On Jan 28, 6:50*am, Mizter T wrote:
On 28 Jan, 13:22, Graeme Wall wrote:





In message
* * * * * Stephen Furley wrote:


On 28 Jan, 12:35, Brian Robertson wrote:
What is the history of the totem station name signs? Were they purely a
BR design? Were they first introduced straight after nationalisation?
Were they an adaptation of an existing design (As in the LNER brakevan
becoming the BR standard).


The shape was pure BR, but the idea of the name on a bar passing
through some sort of shape was used previously by a number of
railways, the SR targets are probably the closest to the BR totems,
but there are also the LT roundel signs, and at least one railway had
diamond shaped ones, but I cannot remember who.


LT again, before the roundels. *Actually, strictly speaking I think it was
only the Metropolitan, not LT as a whole. *The roundel was adopted about
1908.


There was no LT before the roundel. The roundel first appeared in
1908, when the various underground railway companies agreed to use the
term Underground, the 'UndergrounD' logotype and also use a bar and
circle device for station name boards. That's all the underground
railway companies apart from the Metropolitan Railway, who decided to
go their own way in 1914 with the diamond device.

The LT Museum has a section that deals with the history of the roundel
he
http://www.ltmcollection.org/roundel/about/detailedhistory.html

Note that the London General Omnibus Company (LGOC) had introduced a
'winged wheel' device as their logo in 1905. In 1912 the Underground
Electric Railways Company of London Limited (UERL) - also known as the
Underground Group - purchased LGOC.

The roundel in use on the Underground was developed further in the
1910s, resulting in the familiar roundel incorporating the UndergrounD
logotype in the centre bar. This design of roundel then started to
appear on publicity, station nameboards and the exterior of stations.

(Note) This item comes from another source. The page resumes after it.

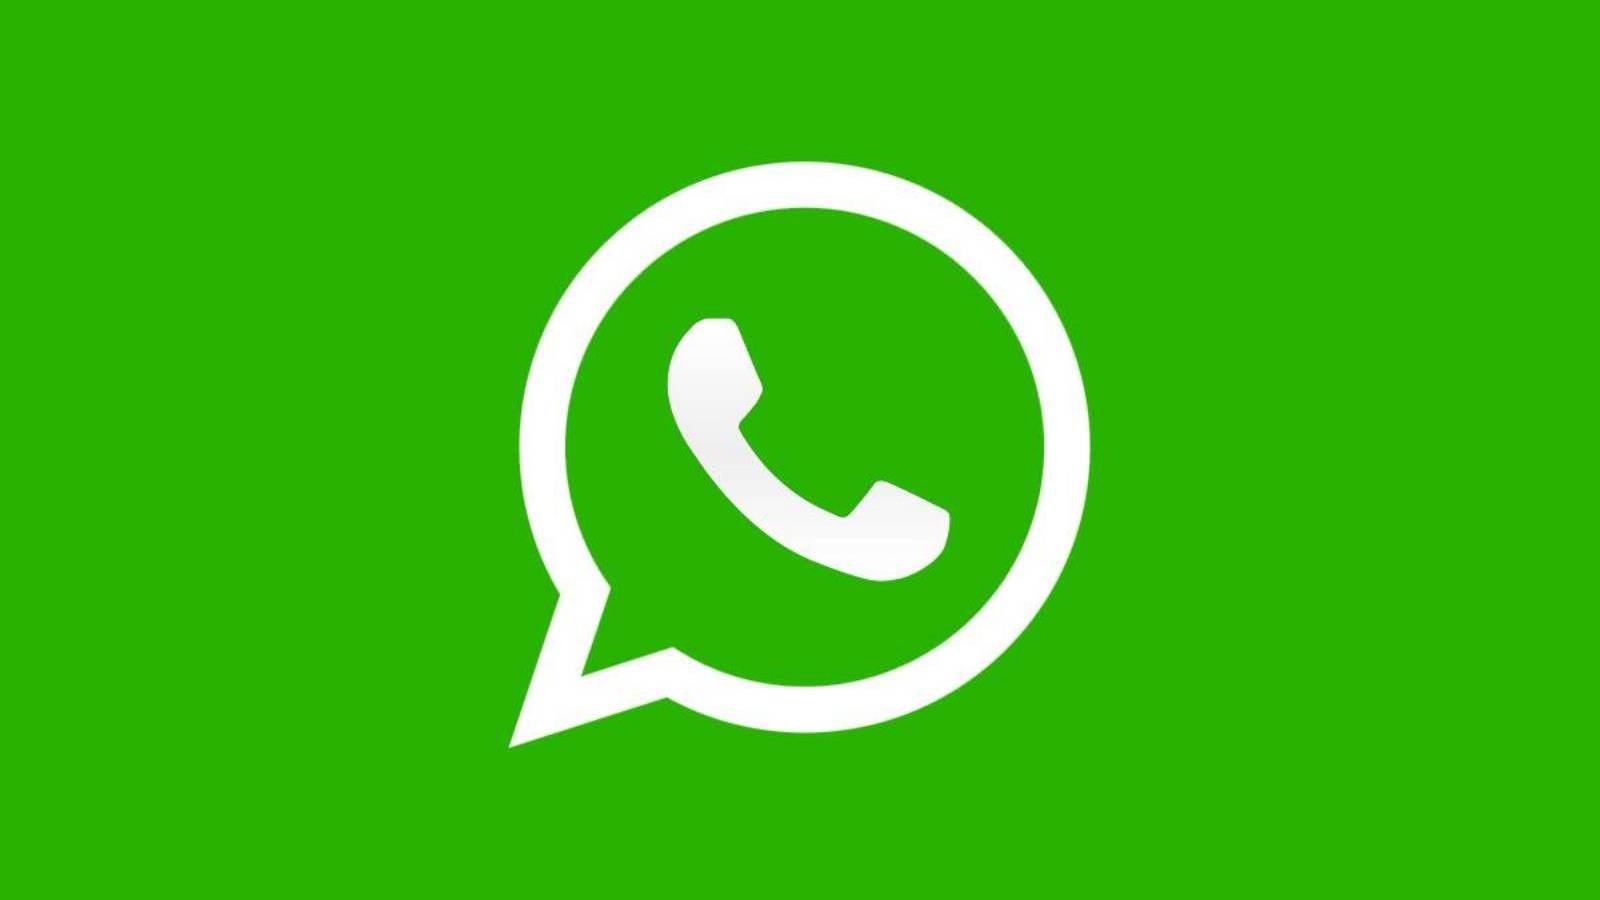 WhatsApp face Schimbari NEASTEPTATE Utilizatori Companii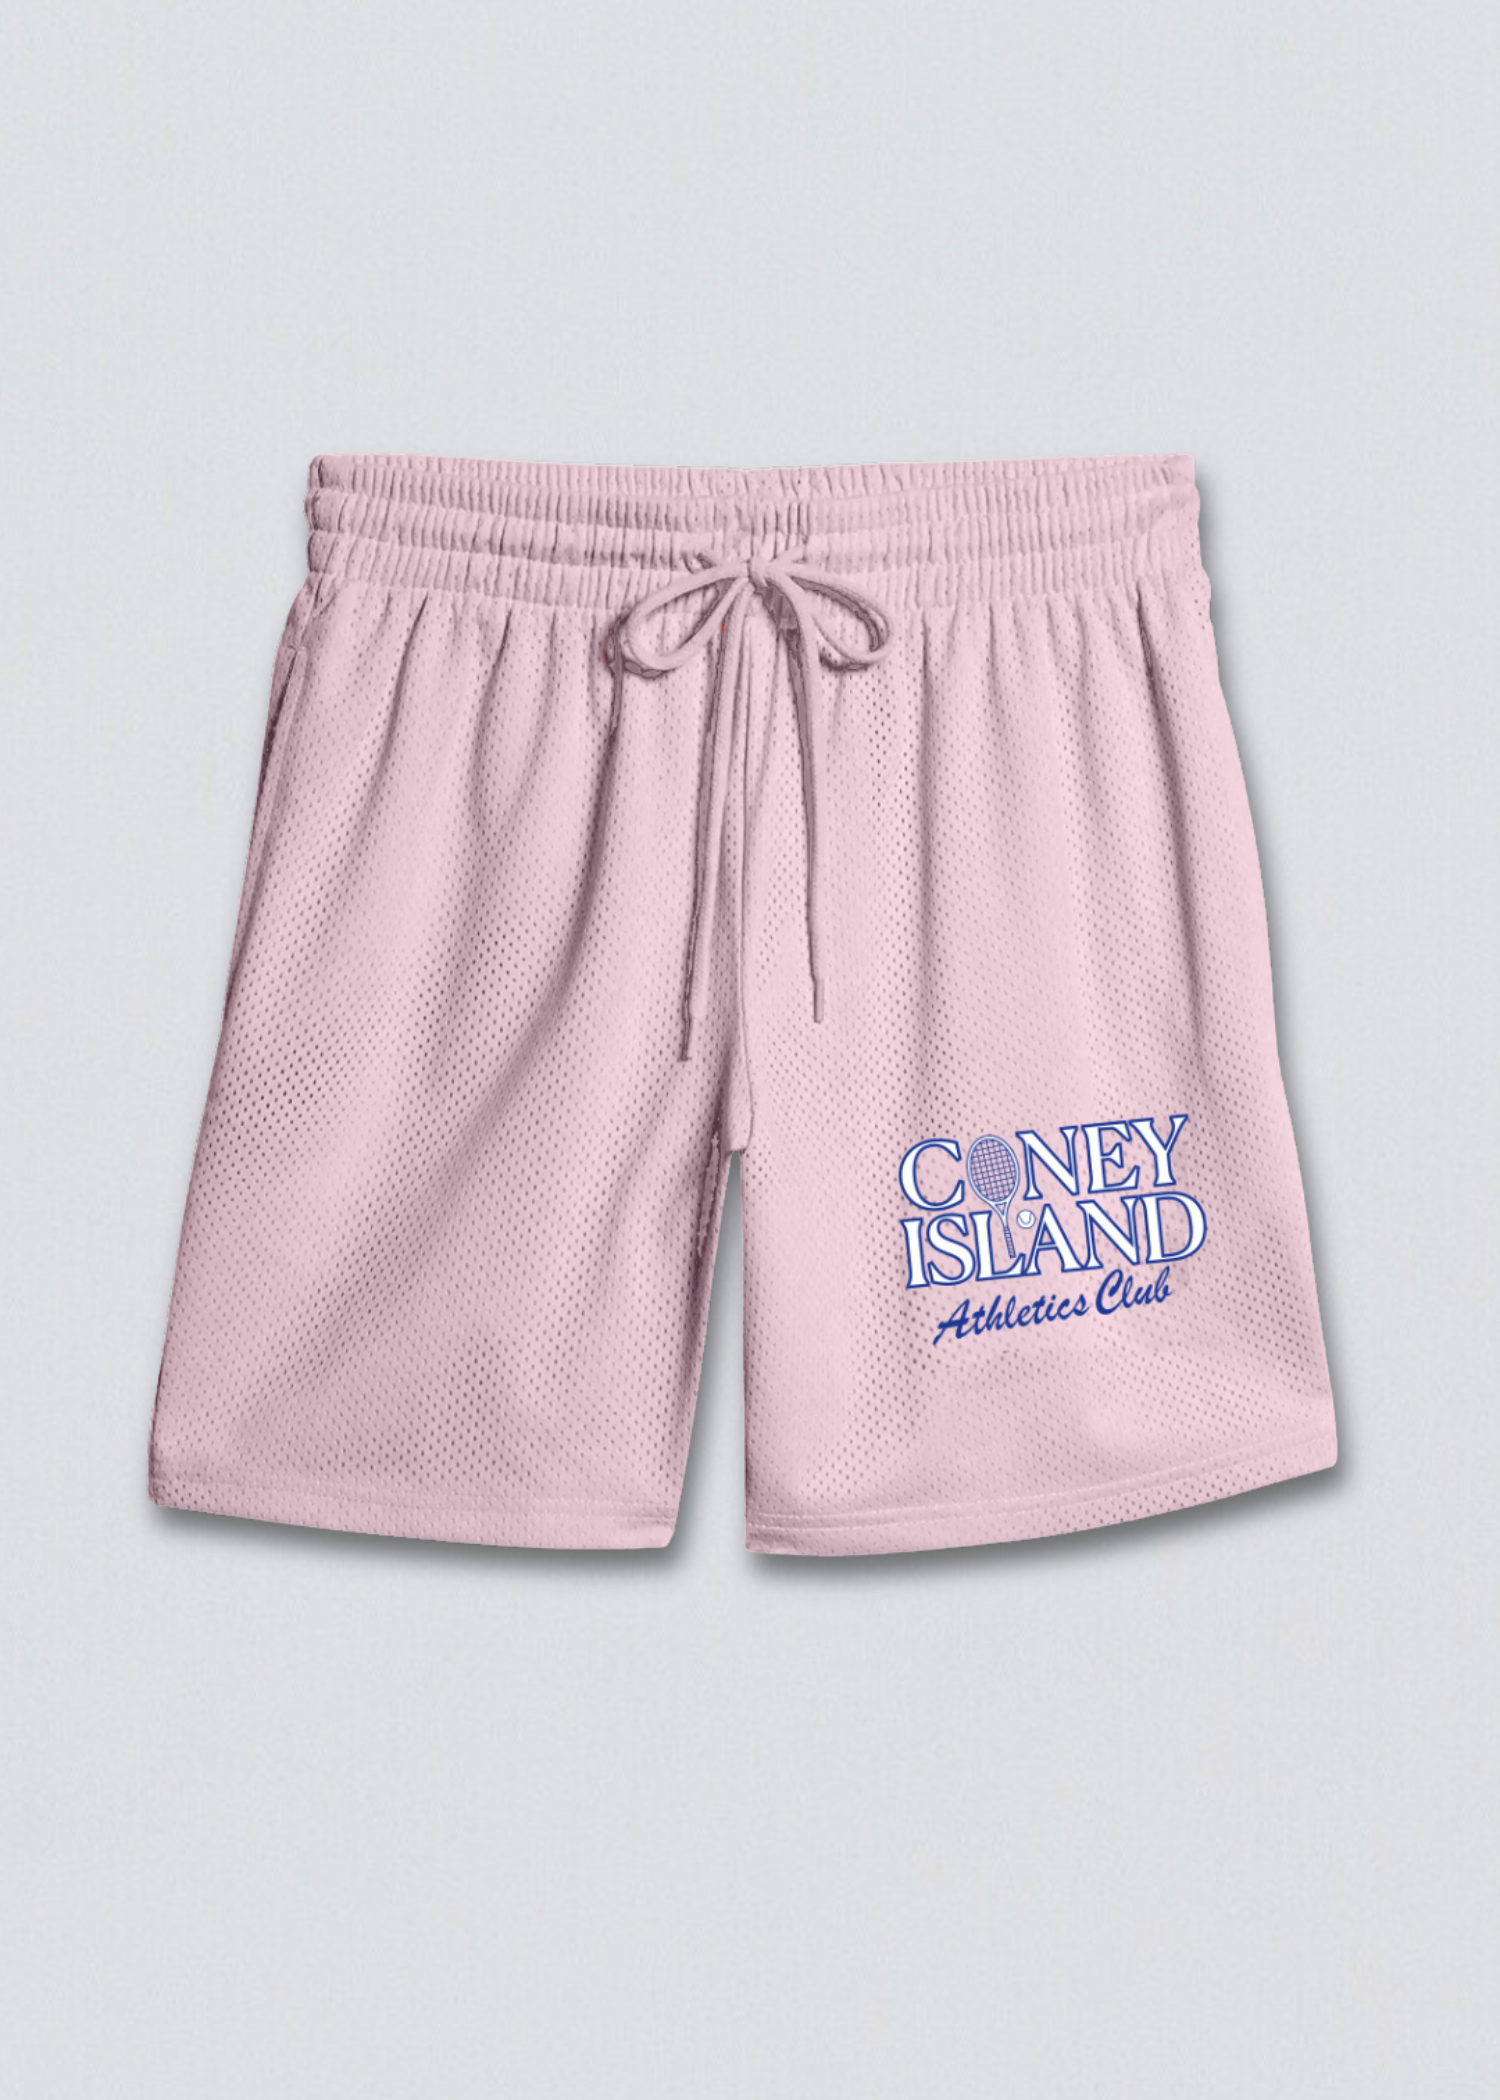 Coney Island Athletics Club Graphic Mesh Shorts

Separate versions of the roundel were then developed for other
constituent companies in the Underground Group - of particular note is
the LGOC roundel, with the 'GeneraL' logotype in the centre bar. In a
senase this was mirrored by what happened in 2003 when TfL had a big
graphic redesign and started using different roundel designs for all
its constituent parts - Streets, DLR, London Rail etc.

AIUI the separate diamond device as used on the Metropolitan was
phased out when the Metropolitan Railway - along with the Underground
Group and other bus companies and tram operations in the London area -
became part of the new London Passenger Transport Board, which quickly
adopted the trading name of 'London Transport'.

Anyway the section on the LT Museum website is well worth a look, it
goes into it all in a lot more detail.


Thank you. I think I have read all this before. One has never seen
it put so succinctly. You have summarized the roundel's history very
well. I am cross posting this to enable it to reach a wider audience.